Whitehouse fighting for a chance to change D.C.
2006-10-23
Source: Providence Journal
They grew up in wood-frame triple-deckers and worked in Rhode Island's red-brick factories. They joined the military and fought the 20th-century scourge of fascism. They were married under vaulted church ceilings and moved to suburban split-levels, raised children and scraped to send them to college.
Now in life's twilight, many of them get together each afternoon for lunch at senior citizen centers; others live in high-rise apartments for the elderly.
At hundreds of these gatherings across the state, this is the season of grandchild-crayoned Halloween goblins, pastry-bearing political candidates - and dollops of campaign rhetoric.

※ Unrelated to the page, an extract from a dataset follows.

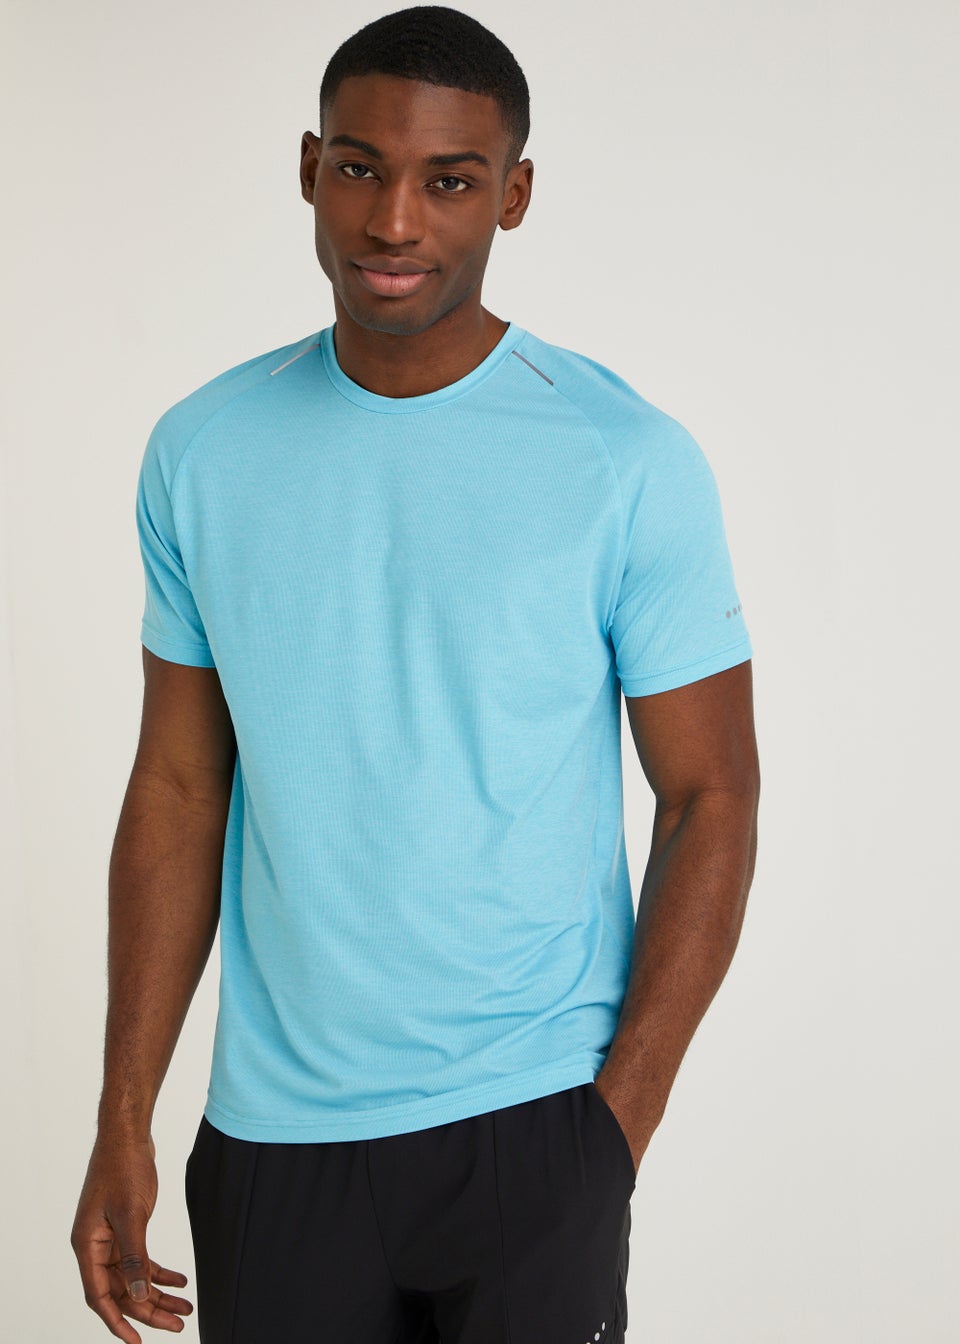 Men's Tees and Sports T-Shirts
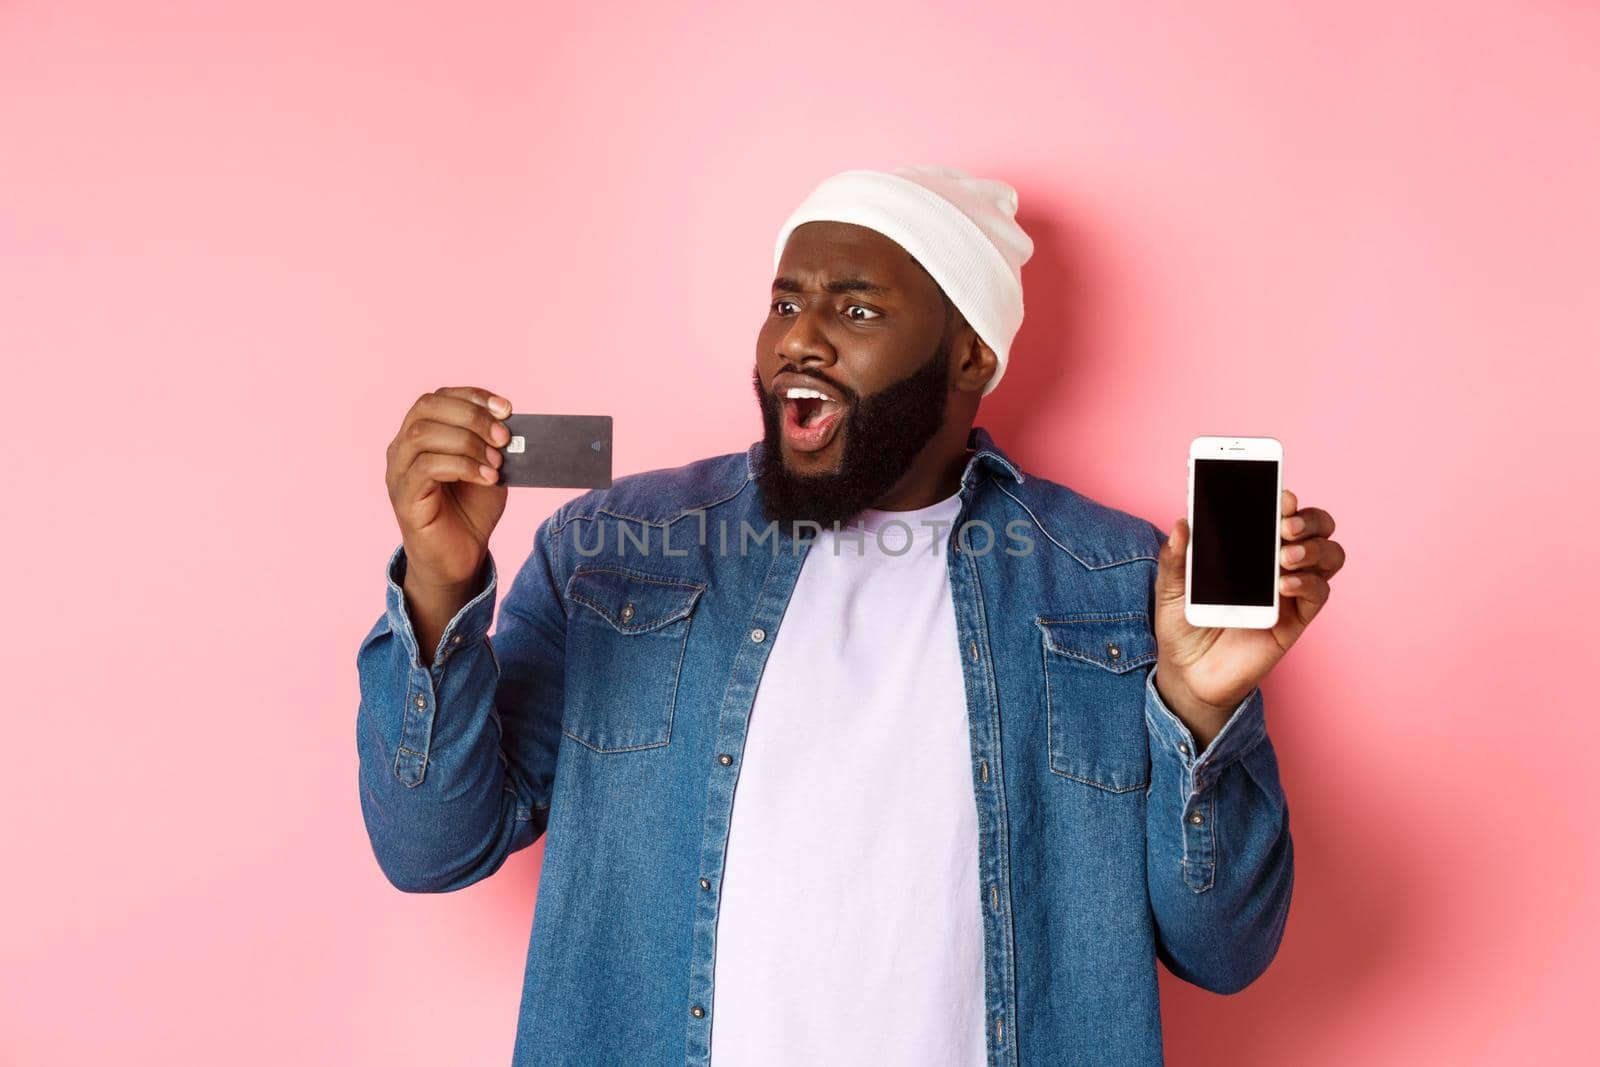 Online shopping. Shocked Black man showing mobile phone screen, looking startled at credit card, standing in hipster clothes against pink background.

Shortly before noon Tuesday at City View Manor, the aroma of baking fish filled the big dining room.
Playing headwaiter was Democratic U.S. Sen. Jack Reed, who announced that lunch would be lemon-pepper haddock. Then Reed fervently urged the elderly voters to support fellow Democrat Sheldon Whitehouse for U.S. Senate.
This banter comes easily to Reed; he is the Roman Catholic working-class son of Cranston, whose mother, he reminds the East Providence crowd, punched a cash register at the Rose Furniture store nearby.
Whitehouse, son and grandson of moneyed Protestant Yankee diplomats, molded by fancy prep schools and summers in Newport, has had to work diligently over the years to learn the mores of meet-and-greet retail politics in a state where blue-collar attitudes and ethnic rivalries once dominated elections.